> Input data
=== Section Start ===
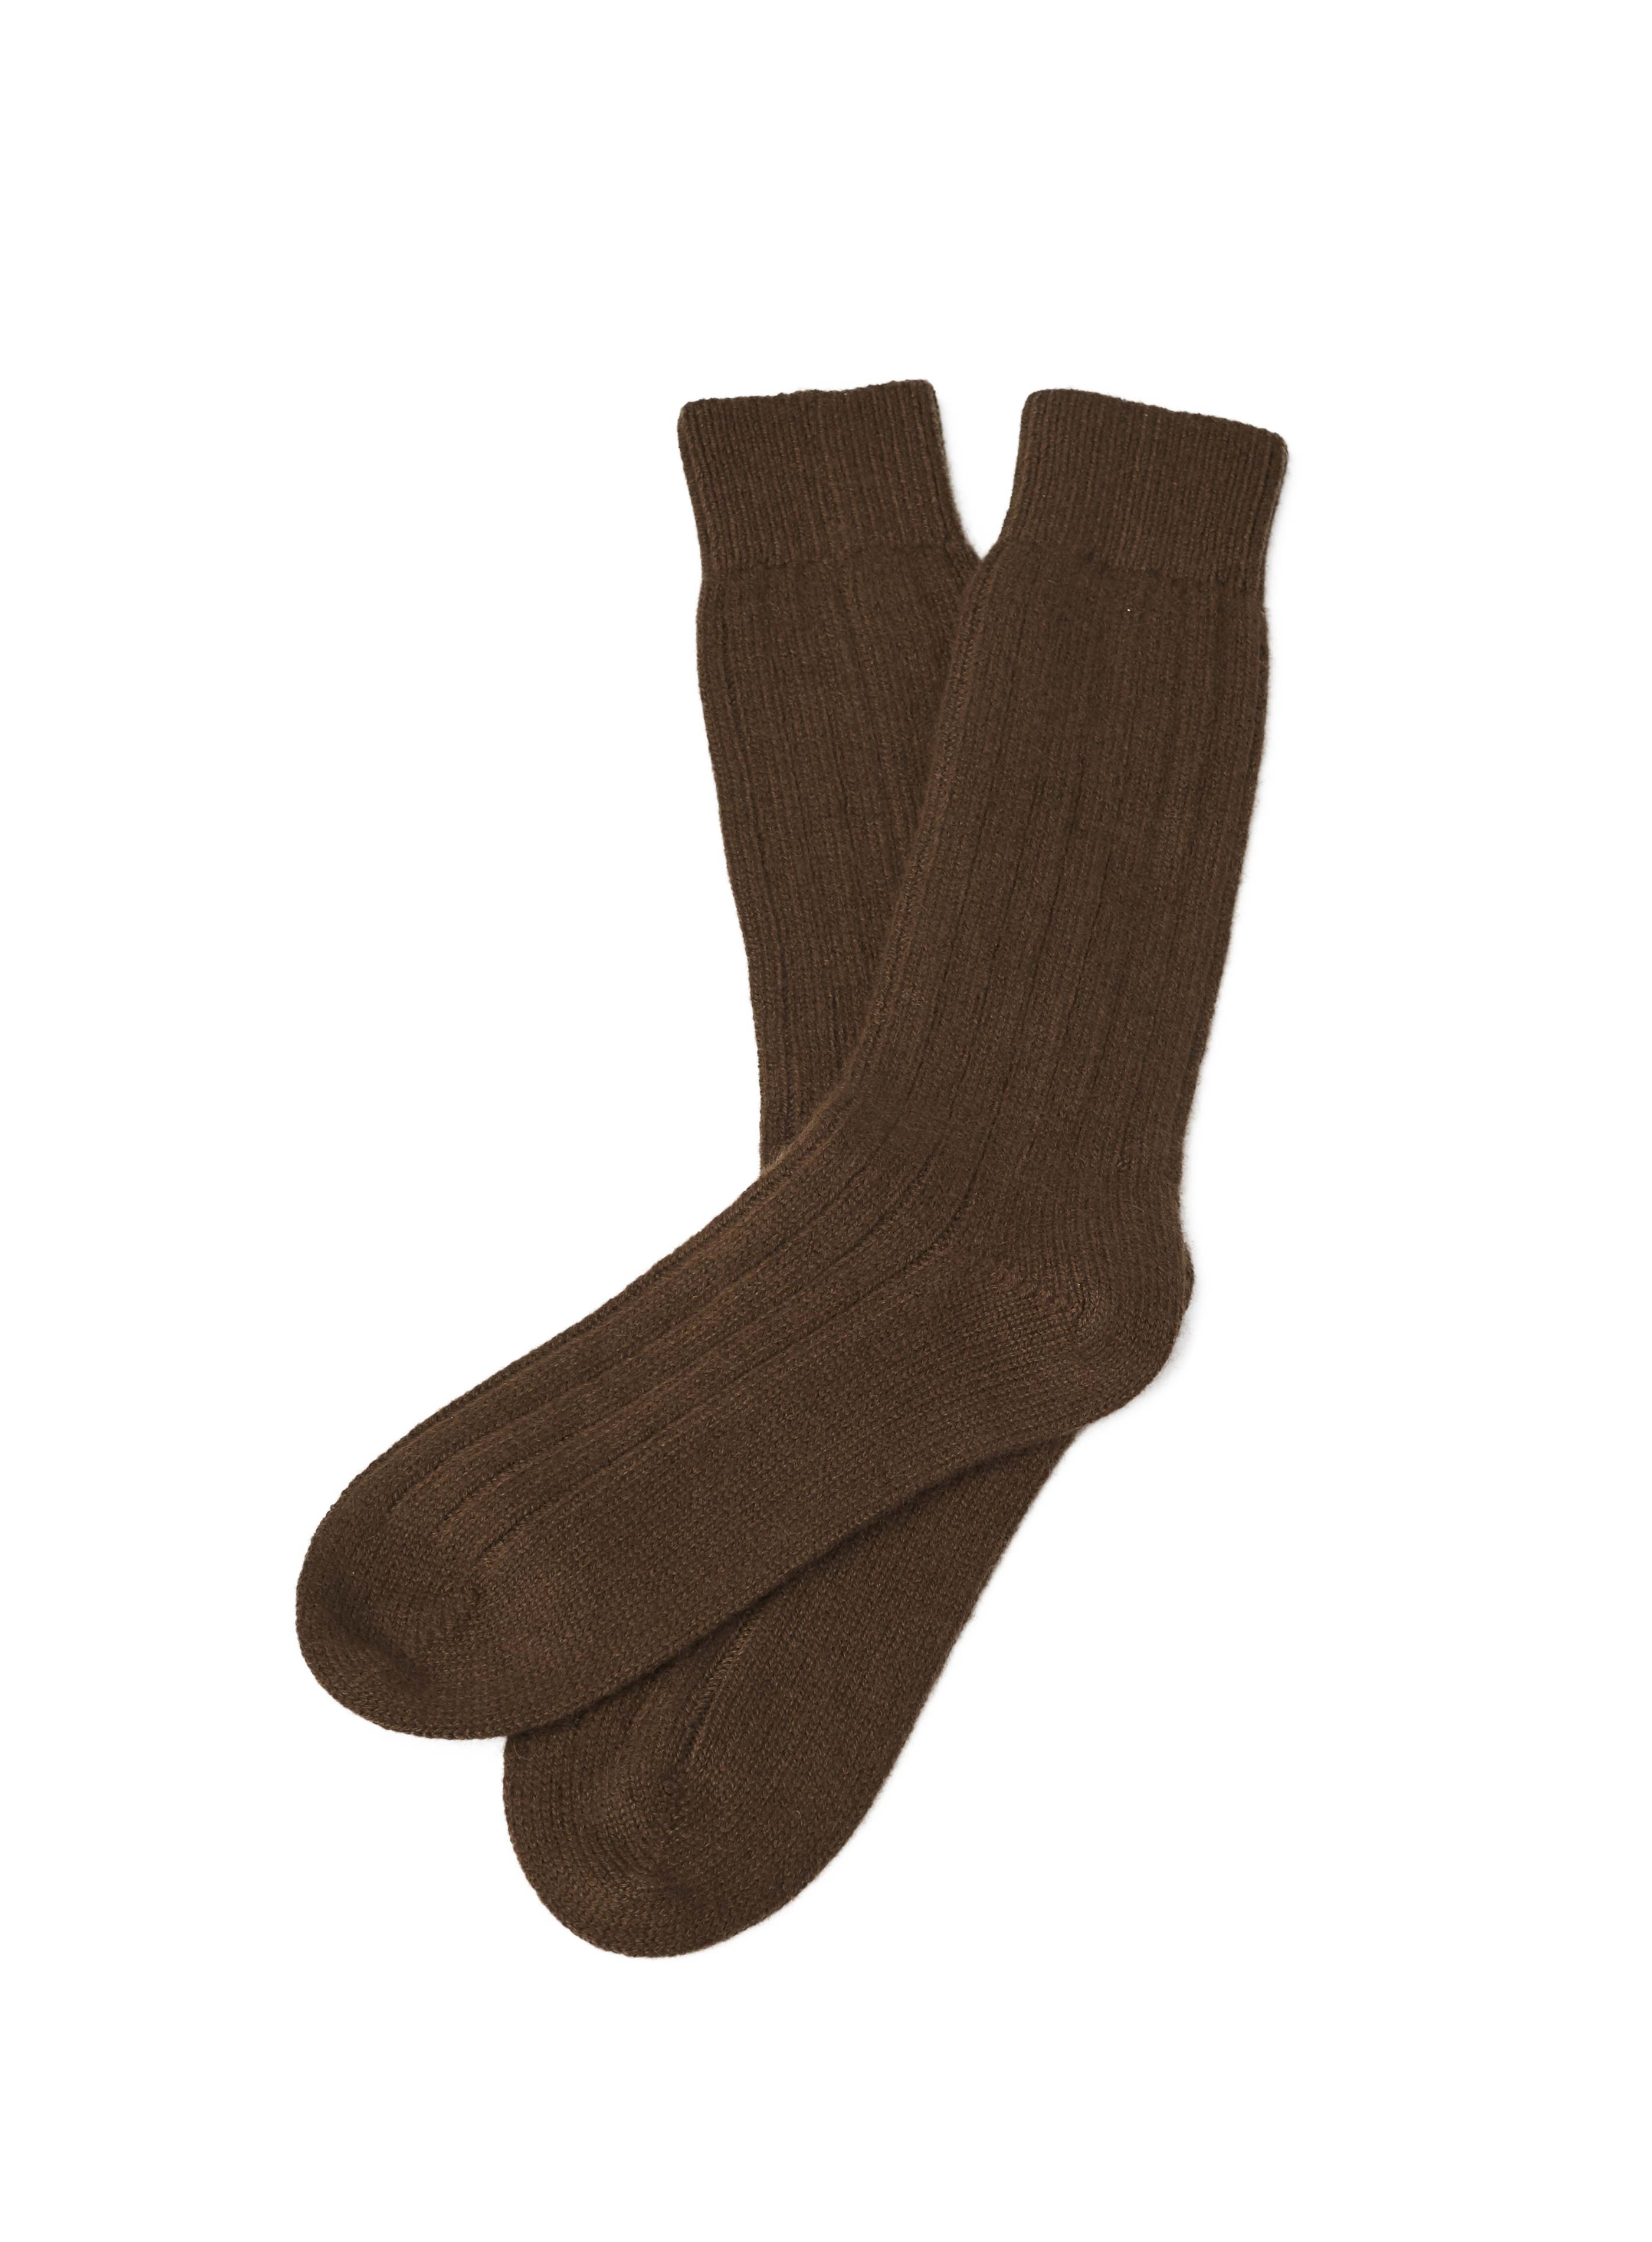 Pure Cashmere Socks (Espresso, Large/Extra Large)
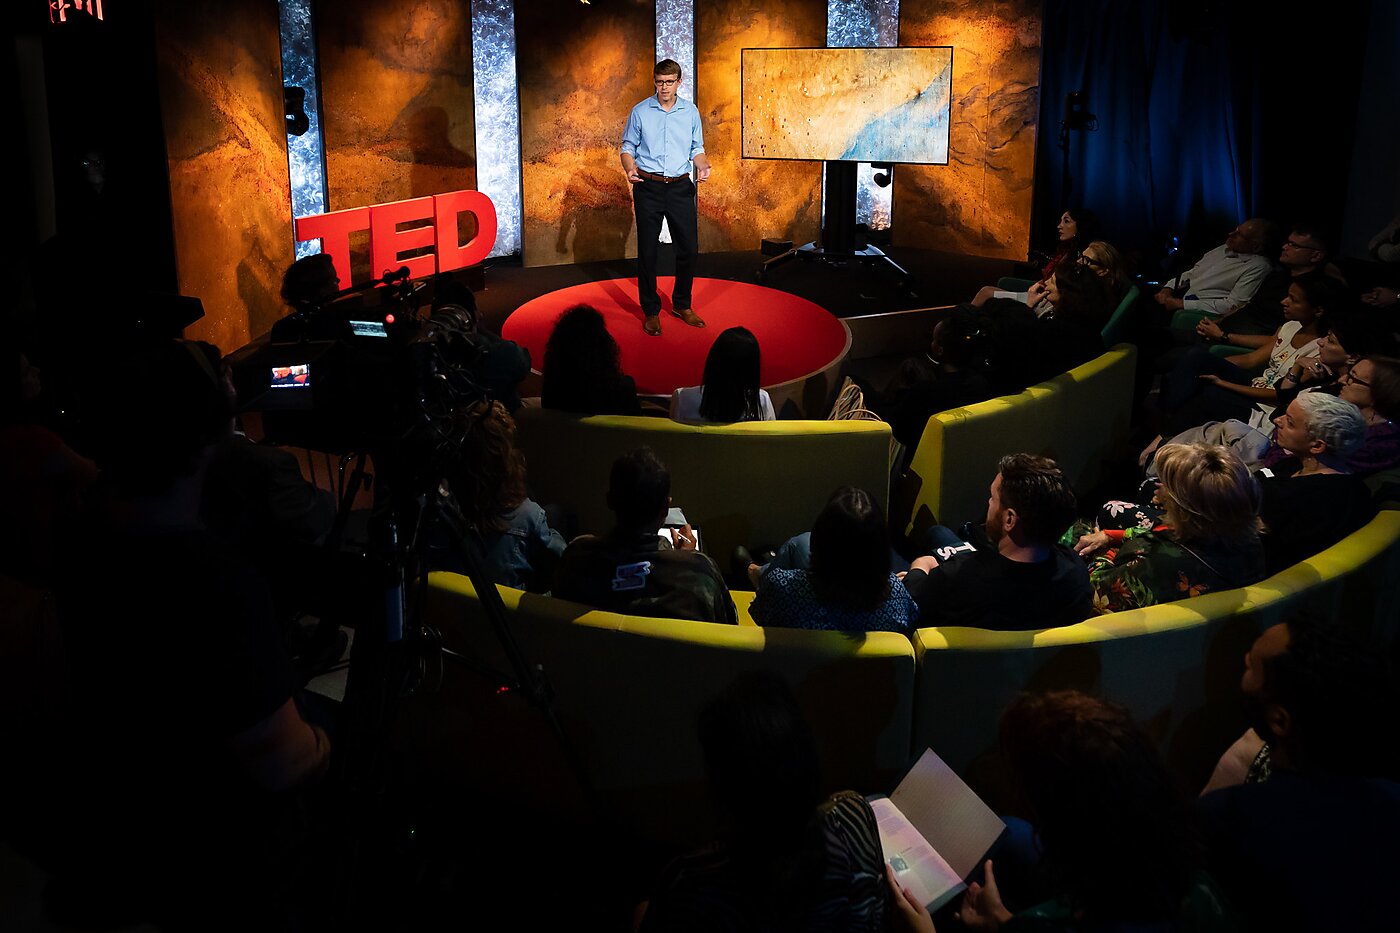 David Bier speaks on immigration at TED event
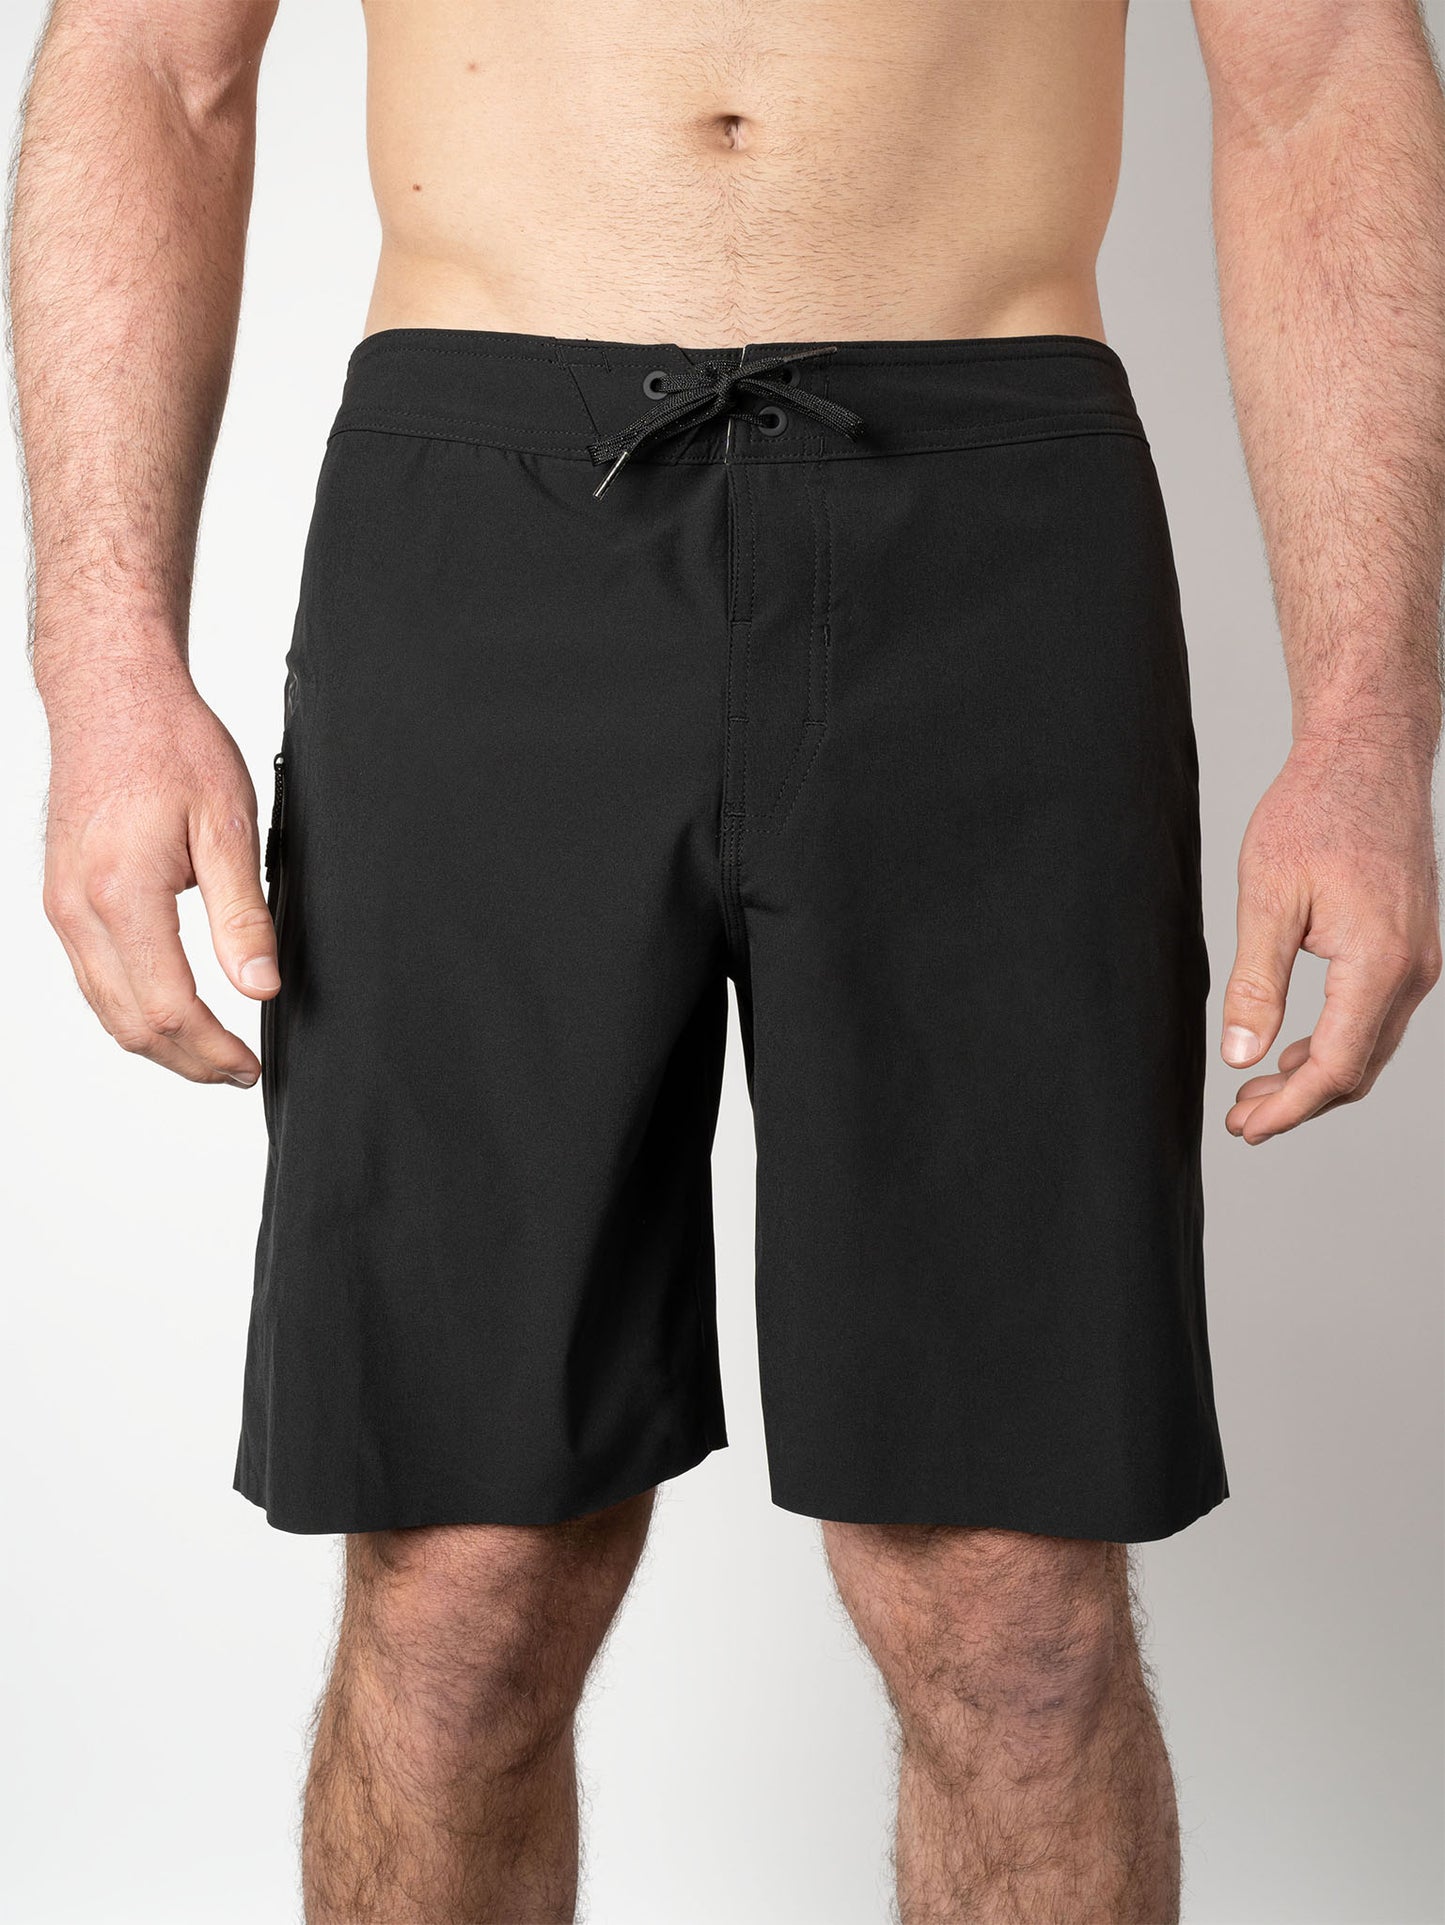 Xcel Drylock Mens 18.5 Boardshorts - Charcoal Camo
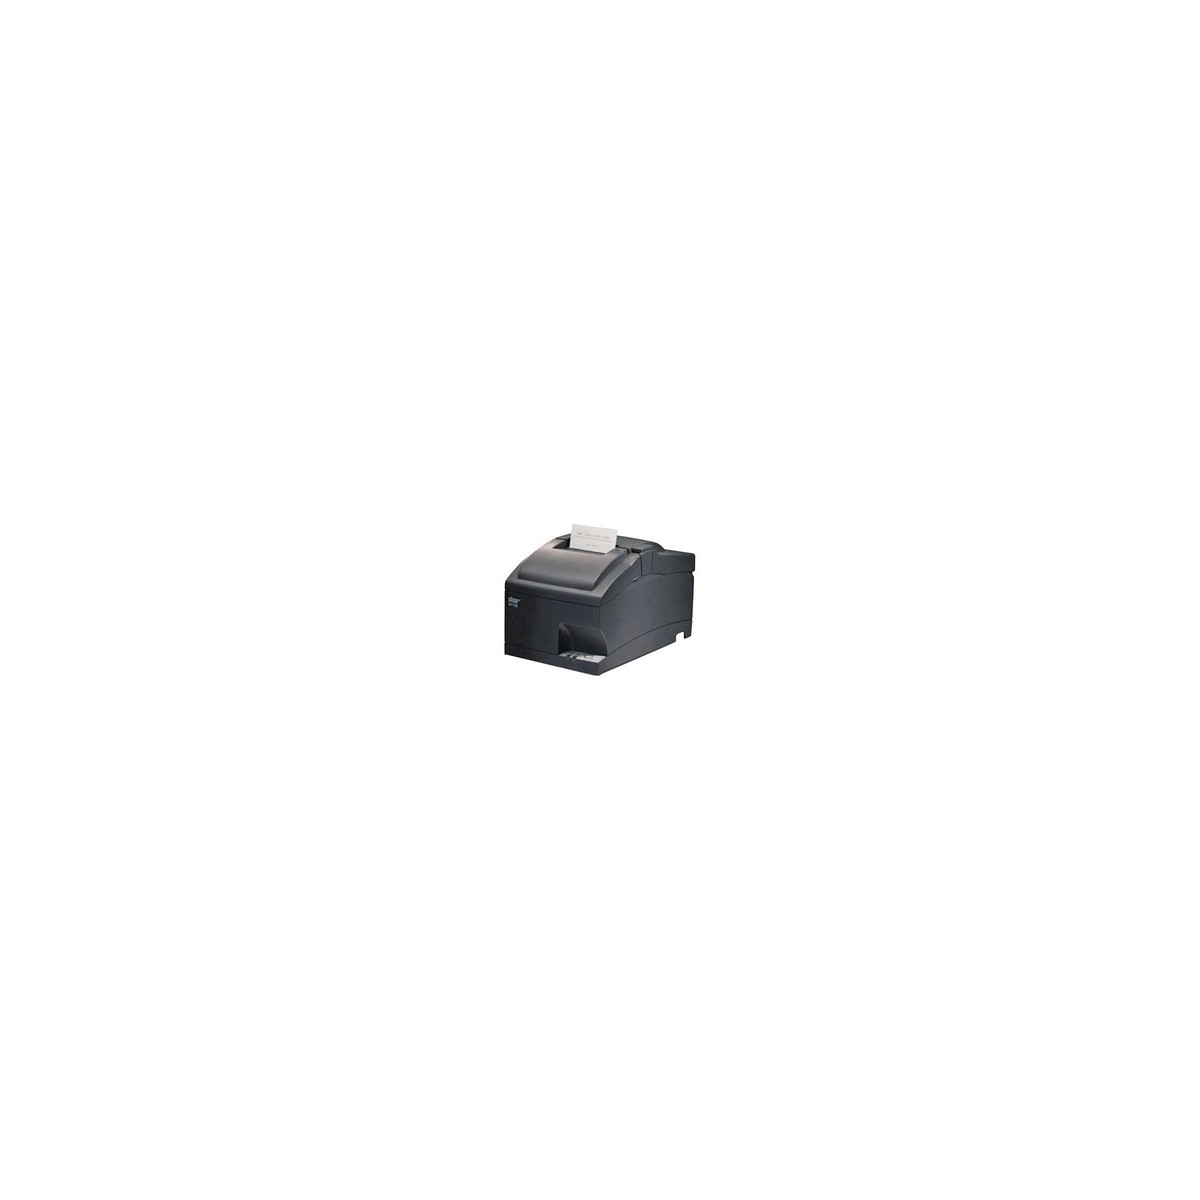 Star Micronics SP700 - Dot matrix - POS printer - 8.9 lps - 76 mm - 6.3 cm - Wired
=== Section End ===
> What you will do
Please restate all of the listing above word for word, with no pictures.

> Solution to this exercise
 Pure Cashmere Socks (Espresso, Large/Extra Large)
 David Bier speaks on immigration at TED event
 Xcel Drylock Mens 18.5 Boardshorts - Charcoal Camo
 Star Micronics SP700 - Dot matrix - POS printer - 8.9 lps - 76 mm - 6.3 cm - Wired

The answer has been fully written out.